## Task description:
The whole listing below, with no pictures, is to be repeated as it stands.

═════ Dataset content

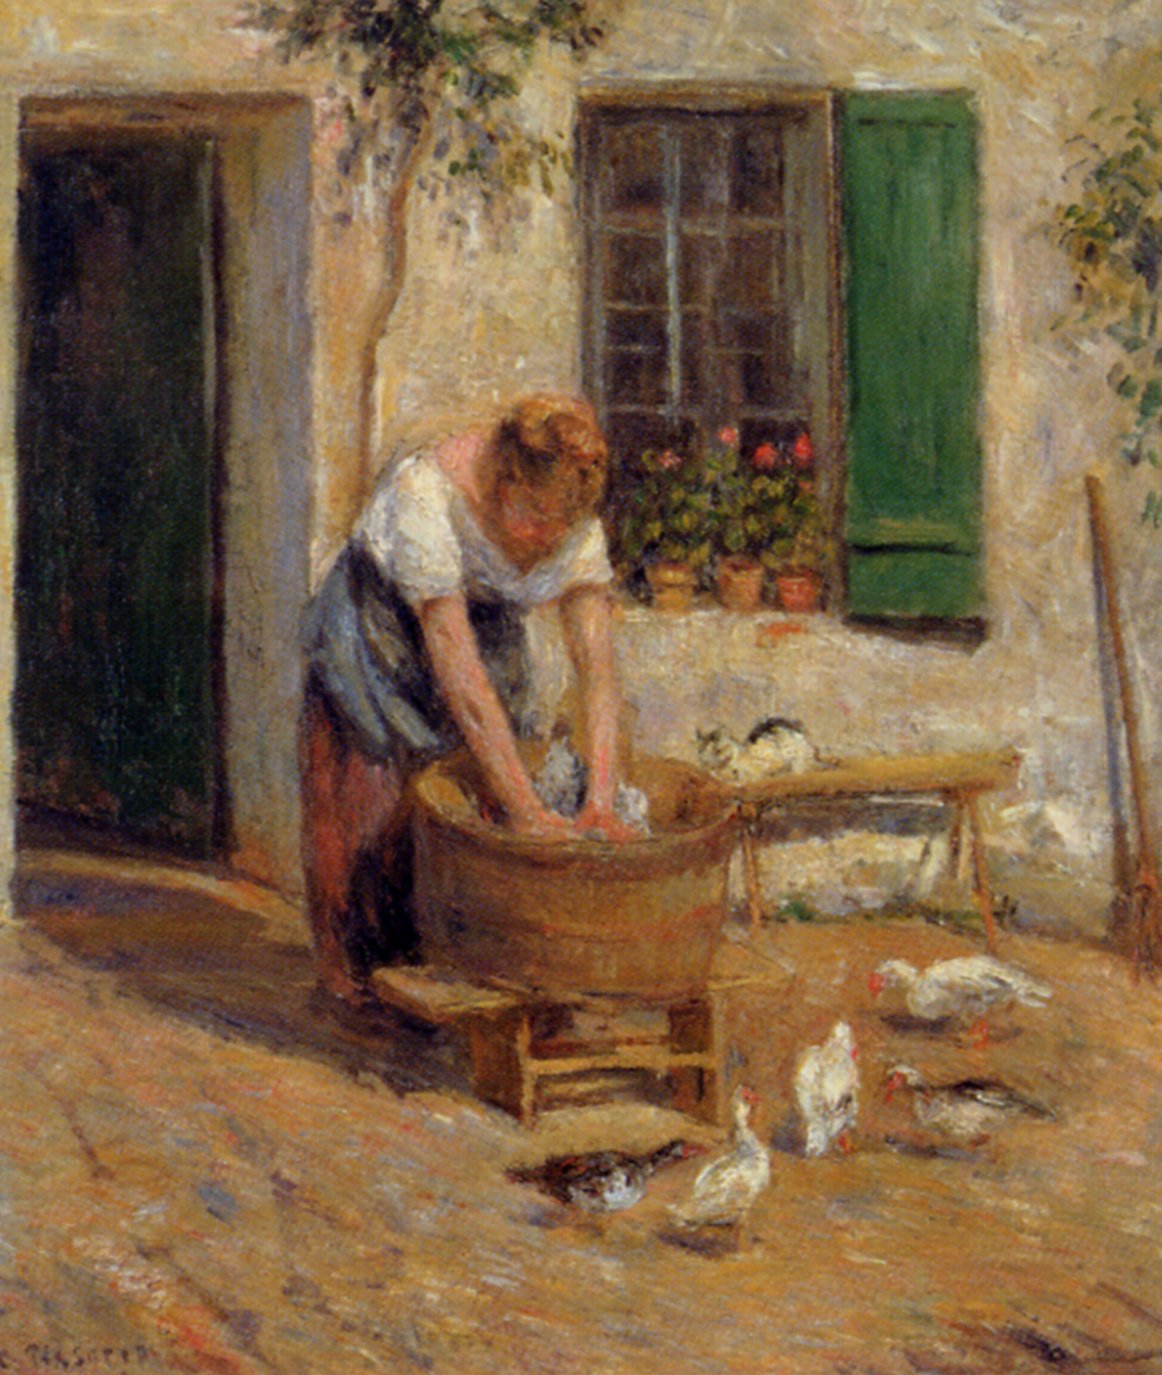 Camille+Pissarro-1830-1903 (227).jpg
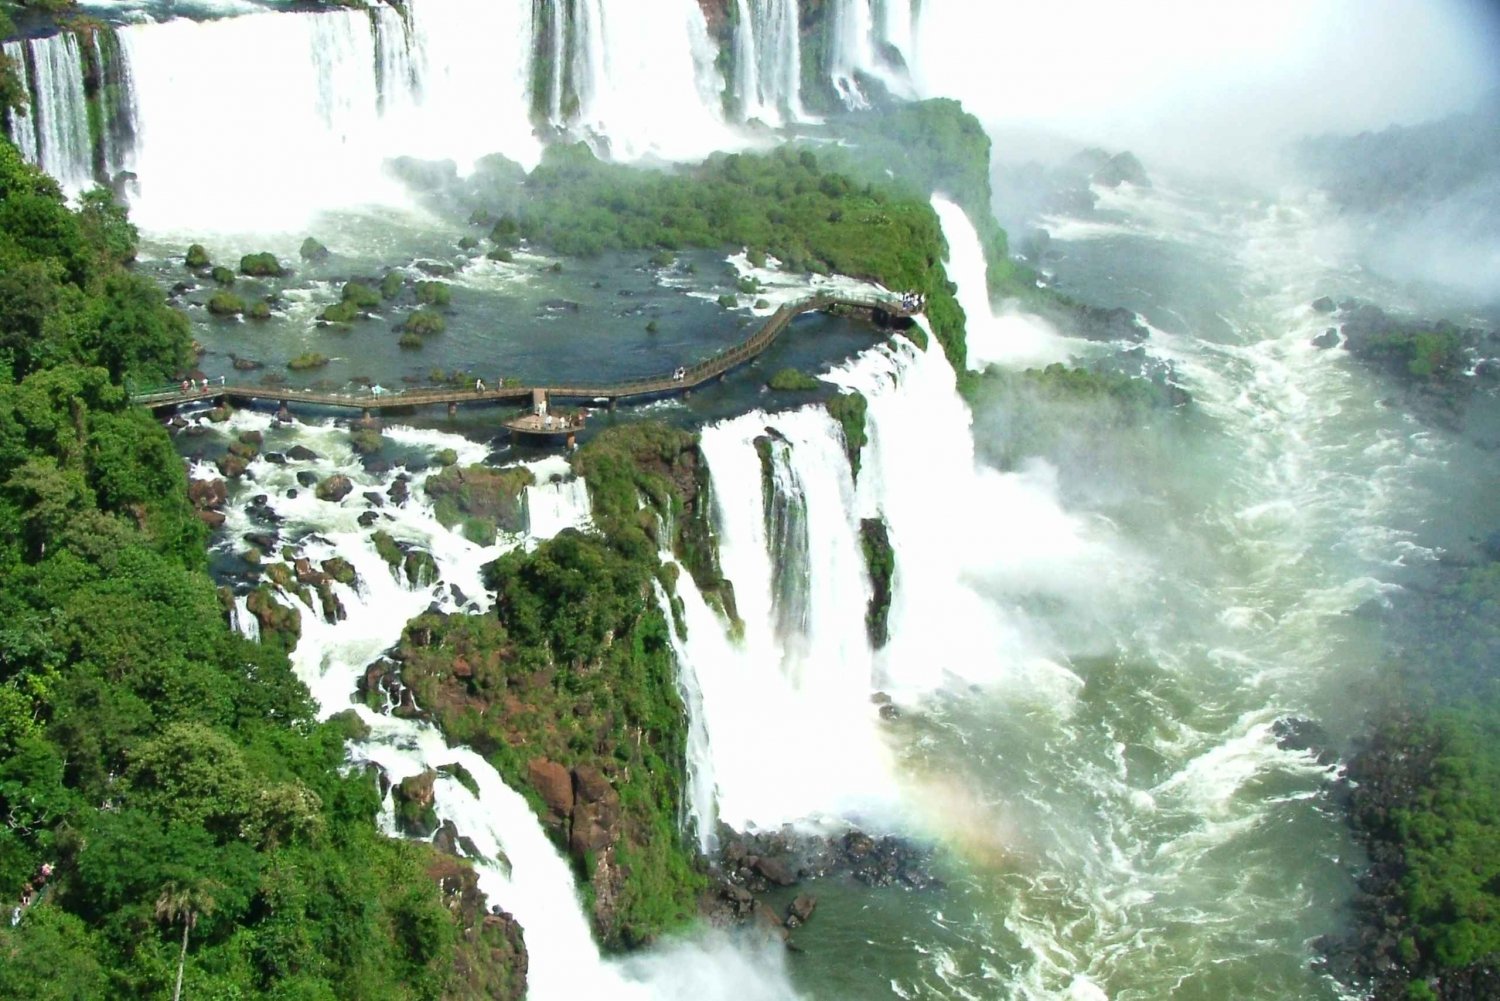 Private - A Woderfull day at Iguassu falls Argentinean side
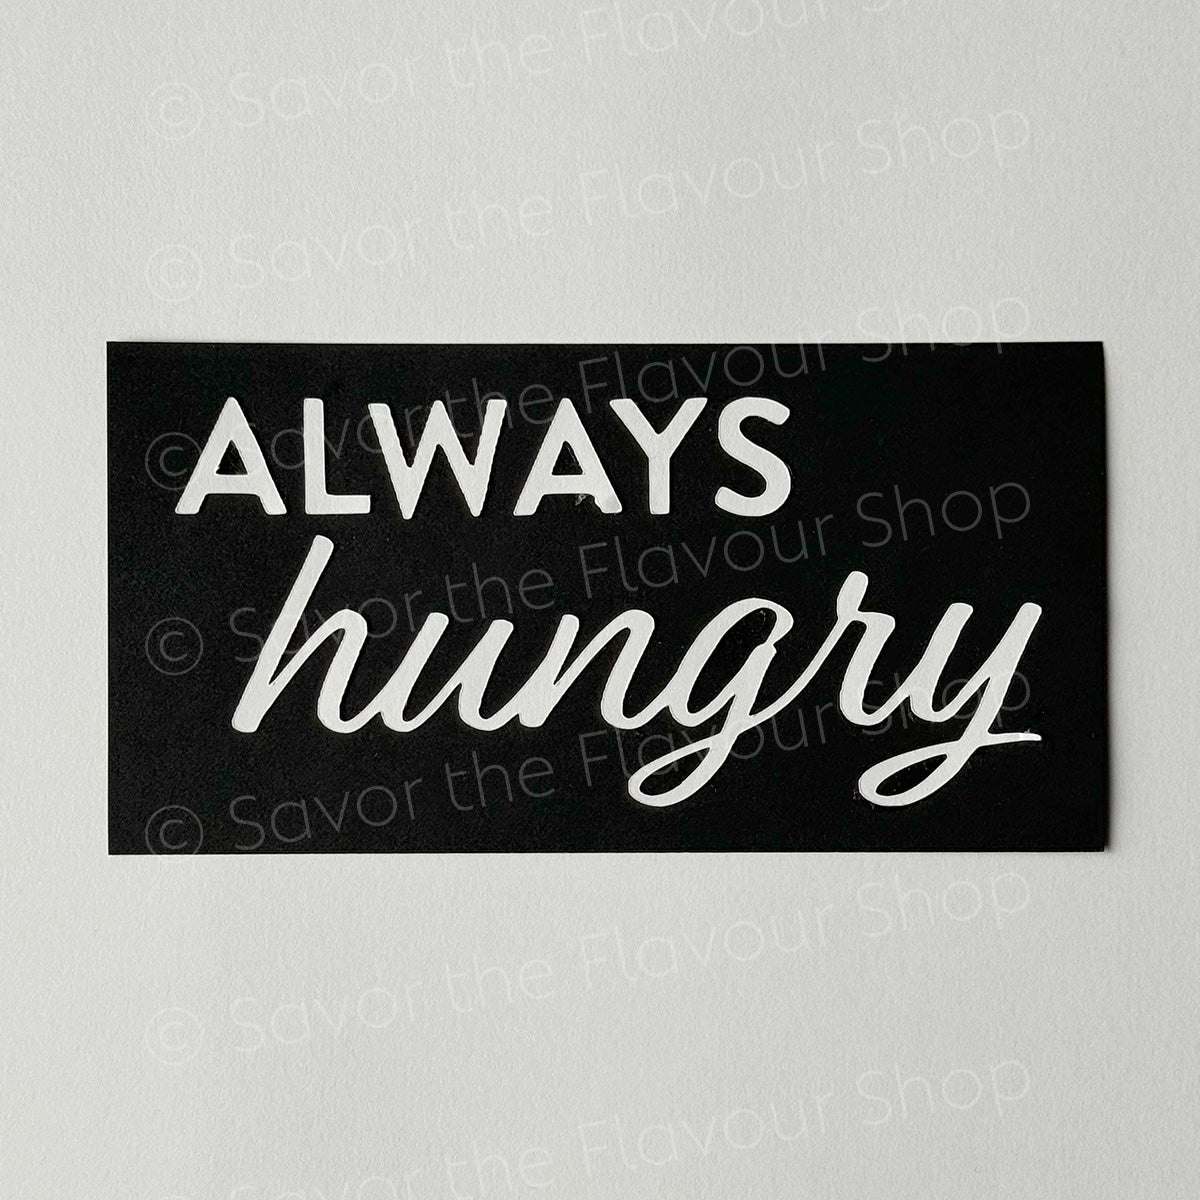 Always Hungry - SVG &amp; Printable

══════════

## Task result:
 Camille+Pissarro-1830-1903 (227).jpg
 Private - A Woderfull day at Iguassu falls Argentinean side
 Always Hungry - SVG &amp; Printable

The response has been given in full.